* **Step 1: Identify the relevant information.**
We are given the following information:
* The initial velocity of the puck is 28.0 m/s horizontally.
* The height of the platform above the ground is 2.00 m.
* We can neglect air resistance.
* **Step 2: Set up the equations.**
We can use the following equations to solve for the direction of the velocity of the puck just before it hits the ground:
* $v_y = v_0y + at$
* $y = y_0 + v_0yt + \frac{1}{2}at^2$
Where:
* $v_y$ is the final velocity in the vertical direction
* $v_0y$ is the initial velocity in the vertical direction
* $a$ is the acceleration due to gravity (9.8 m/s^2)
* $t$ is the time
* $y$ is the vertical position
* $y_0$ is the initial vertical position
* **Step 3: Solve for the unknowns.**
We can solve for the final velocity in the vertical direction using the following equation:
```
v_y = v_0y + at
```
Plugging in the known values, we get:
```
v_y = 0 + (-9.8) t
```
```
v_y = -9.8t
```
We can solve for the time using the following equation:
```
y = y_0 + v_0yt + \frac{1}{2}at^2
```
Plugging in the known values, we get:
```
2 = 0 + (0) t + \frac{1}{2}(-9.8)t^2
```
```
4 = -4.9t^2
```
```
t^2 = -0.816
```
```
t = -0.90
```
We can now solve for the final velocity of the puck using the following equation:
```
v_y = -9.8t
```
Plugging in the known value for $t$, we get:
```
v_y = -9.8(-0.90)
```
```
v_y = 8.82 m/s
```
The final velocity of the puck in the vertical direction is 8.82 m/s downward.

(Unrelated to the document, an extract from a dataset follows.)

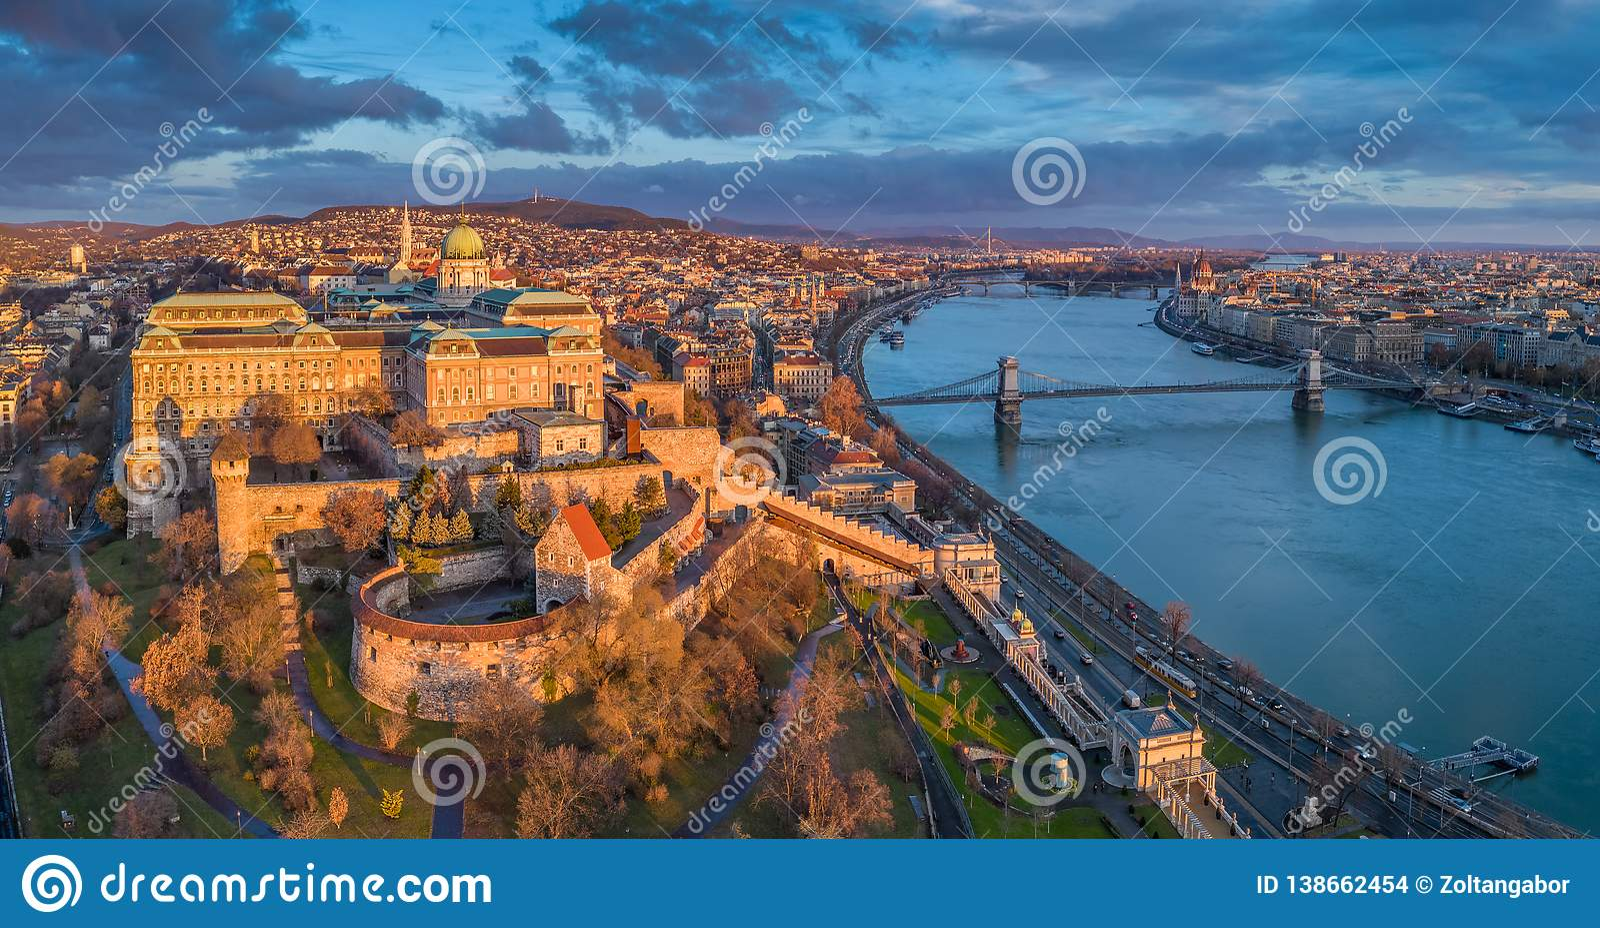 Budapest, Ungarn - Luftpanoramablick von Buda Castle Royal Palace mit Szechenyi-Hängebrücke, Parlament

* **Step 4: Find the angle.**
The angle of the velocity of the puck can be found using the following equation:
```
\theta = \tan^{-1} \left ( \frac{v_y}{v_x} \right )
```
Plugging in the known values for $v_y$ and $v_x$, we get:
```
\theta = \tan^{-1} \left ( \frac{8.82}{28.0} \right )
```
```
\theta = 12.6^\circ
```
Therefore, the direction of the velocity of the puck just before it hits the ground is 12.6 degrees below the horizontal.